Second, device-independent SIOs provide an additional layer of security on top of device-specific security, acting as a data wrapper that provides additional key diversification, authentication and encryption, and guards against security penetration. Objects are bound to specific devices by utilizing device-unique properties, preventing card cloning.

Trust-Based Security: This security protects objects created and bound to one device from being copied to another device, thus protecting sites against cloned card attacks. 93% of end users expressed a requirement to have multiple layers of security on a card or credential, especially when other applications and private data are present. However, as many as 37% of the industry providers were not satisfied with solutions in the market today as noted in the Avisian 2010 survey.

Thirdly, SIOs are defined using open standards including Abstract Syntax Notification One (ASN.1, a joint ISO/IEC and ITU-T standard), a data definition that allows for an infinitely extensible object definition. This definition can support any piece of data, including data for access control, biometrics, vending, time-and-attendance, and many other applications. Unlike many other fixed-field structures used in today’s access control card and reader systems, the SIO and associated interpreters continue to grow in security capabilities while traditional architectures are left behind, stagnant and stuck in a fixed definition. Additionally, this SIO’s flexible data definition provides the aforementioned ability to deploy flexible security protection.

Open and Flexible: This extensibility brings significant value to the developer community that utilizes the technology. Since the interpreter takes care of mapping data to supported devices, all the developer has to focus on is generating and transacting (reading/writing) secure objects.
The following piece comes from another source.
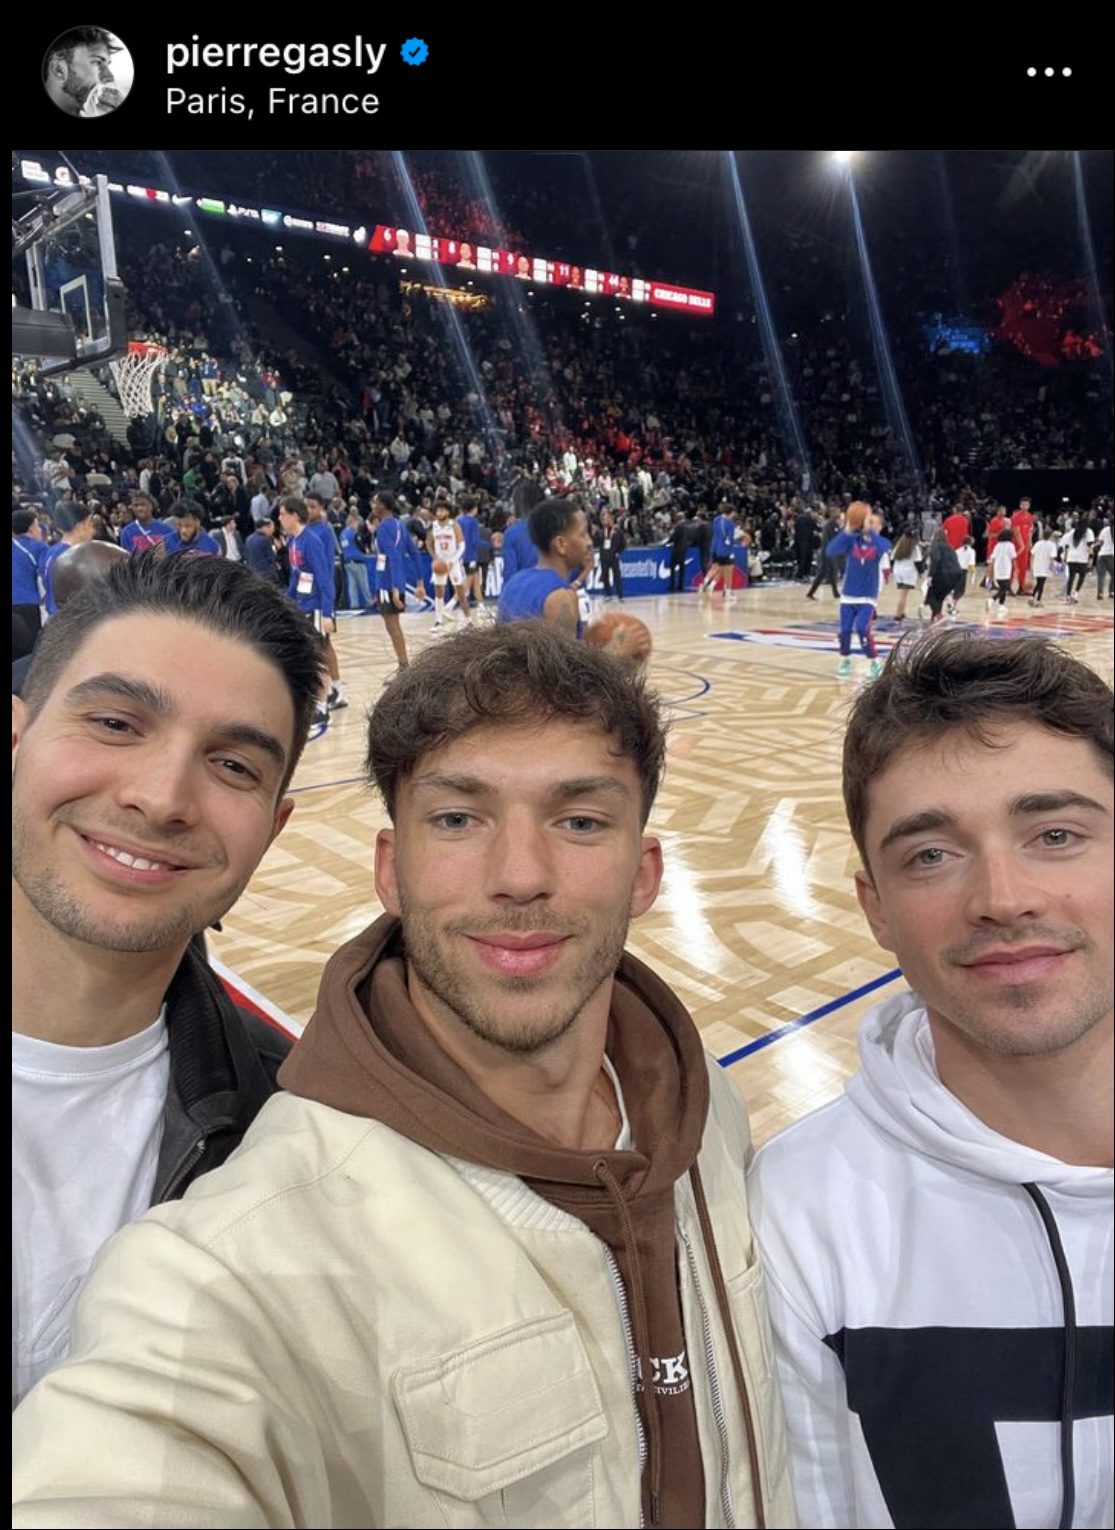 Como bons amigos, Leclerc, Ocon e Gasly assistem jogo de NBA juntos

The days of the vending-machine developer having to learn about intricate credential technology sector terminology and key rules is over.

Based on HID Global’s flagship smart card and reader technology, HID Global’s iClass SIO-Enabled platform features deliver trusted security, new levels of user empowerment, improved performance and usability, and a higher level of environmental sustainability.
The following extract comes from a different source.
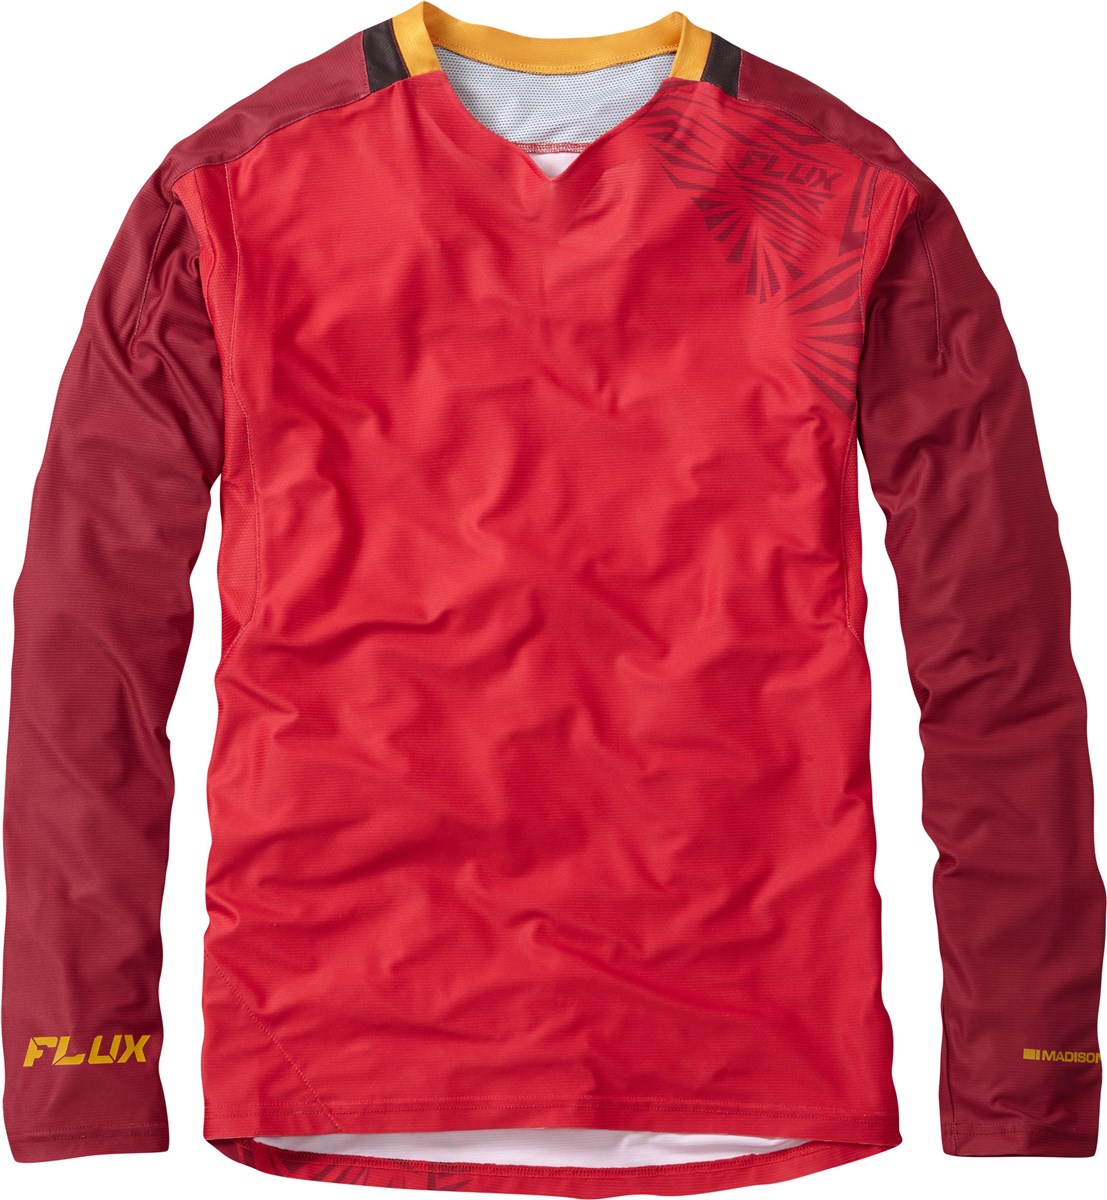 Madison Flux Enduro Long Sleeve Jersey product image

HID Global’s next-generation access control card-and-reader platform provides a generational step function in security, usability and performance, and environmental sustainability. The platform introduces a new portable credential methodology based on a standards-based, technology independent and highly flexible SIO identity data structure. Products like HID Global’s iClass SE reader family will use this identity data structure to significantly improve overall system security while creating a more easily extensible access control system infrastructure that can also support a new era of more convenient, virtual credentials that can be embedded into phones and other portable devices.